Sep 30, 2017 by Comfort Keepers Newark, DE

A gigantic chunk of money – between $100 billion to $300 billion, in fact – is lost every year in the United States due to people not taking their medications properly.

In attempts to at least reduce this waste, various companies have invented “smart” medication bottles that can monitor a patient’s medication regimen more closely.

This could not only save the healthcare system money, but could also prevent up to 100,000 unnecessary deaths every year.

What is a “smart” pill bottle?

The number one reason why patients tell their doctors they don’t take their medications is because they “forgot.” That’s what sparked the idea for this device.

These pill bottles are deemed “smart” because they connect to the Internet in some form or fashion for the purpose of sending data. Both the bottles and caps can detect things, such as when the bottle was opened and how much medication was removed upon each opening.

If a patient forgot to take their medications, a little alarm goes off from the bottle, and either they themselves or a caregiver will receive an email or text message reminder.

The Studies

Two different studies were conducted to see the efficacy of these smart pill bottles and medication management.

The first involved a randomized trial of 50,000 patients taking medications for either depression or cardiac issues. The participants were given one of three tools: a daily pillbox, a pill bottle with little tabs to mark when they’ve taken their medications, and a digital pill cap that counts the time between when they open the bottle.

The second study focused on only 1,000 patients, all with heart failure. Each patient was given an actual smart pill bottle to use. In addition to using the bottle, patients were to receive a cash reward for every correct and timely dosage that was taken. An alert would be sent if a patient forgot.

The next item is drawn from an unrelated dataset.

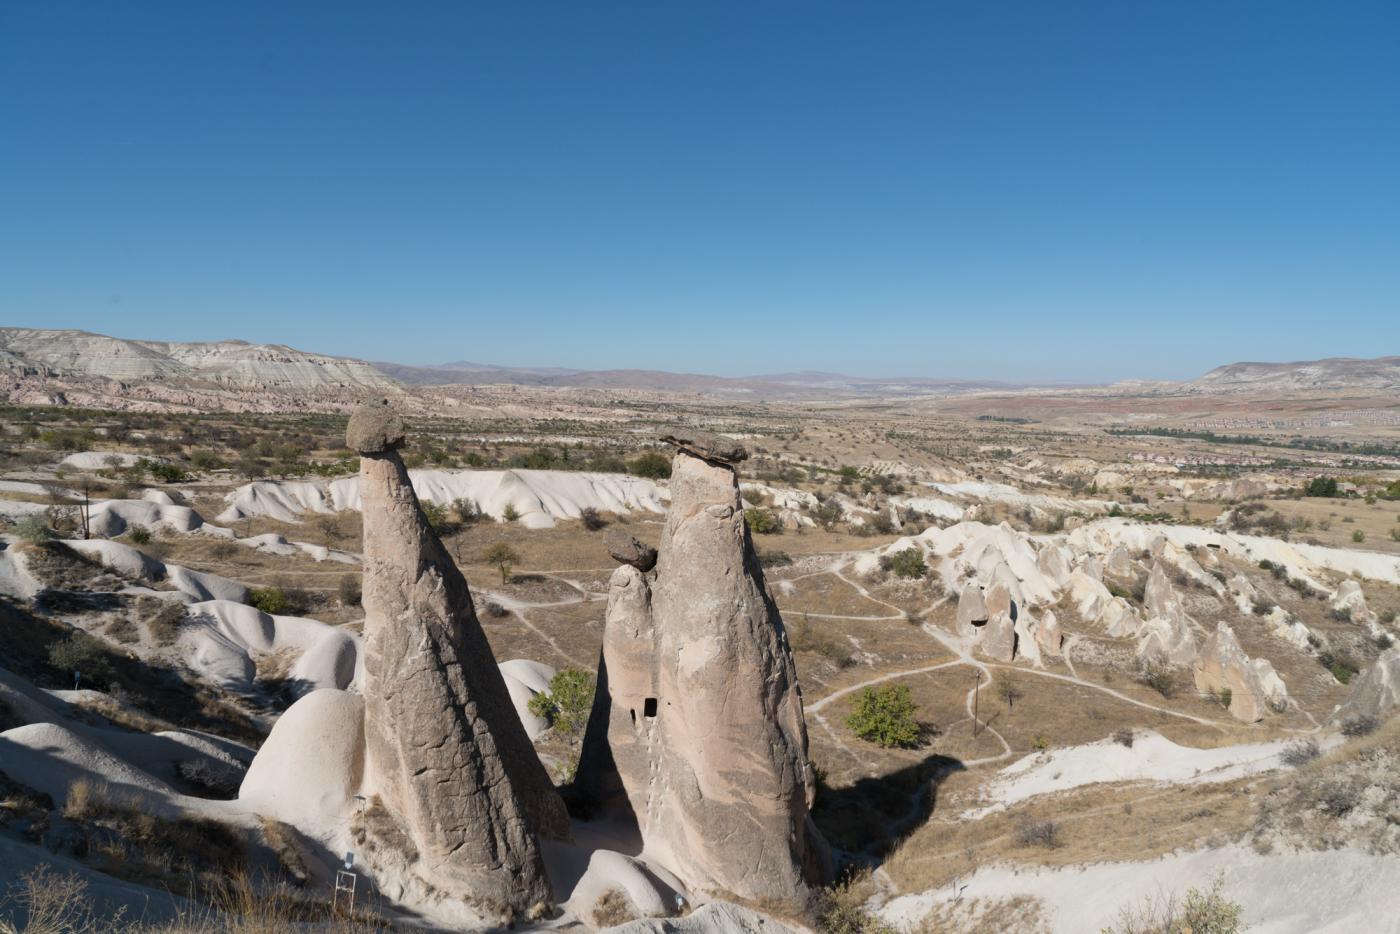 Three Graces, a viewpoint along the road in Cappadocia, Turkey

The results from both studies were dismal. In the first, the digital cap didn’t work any better than the manual tools, and in the second, despite the alert and the cash reward, most still did not take their medications.

Why isn’t it working?

The problem, the researchers suggested, is most likely not forgetfulness. It’s that people do not like taking their medications.

This could be for a number of reasons:

  • Given many seniors aren’t very tech savvy, setting up and using a device that connects to the Internet may be confusing or even impossible for them.
  • Polypharmacy, or taking several different medications or different conditions, is common amongst seniors. It can become very confusing keeping track of which pills to take when and at what dosages.
  • It reminds patients that they are sick or that something is “wrong” with them, so they avoid taking their medications.
  • Medications can have a range of negative side effects. Some patients would rather forego the medication to avoid the side effects than to treat the illness they have.

That being said, though the reminder aspect is definitely an important component to improving medication management, it ultimately will not solve the problem of patients refusing to take their meds. Other methods need to be created and tested out to address this issue.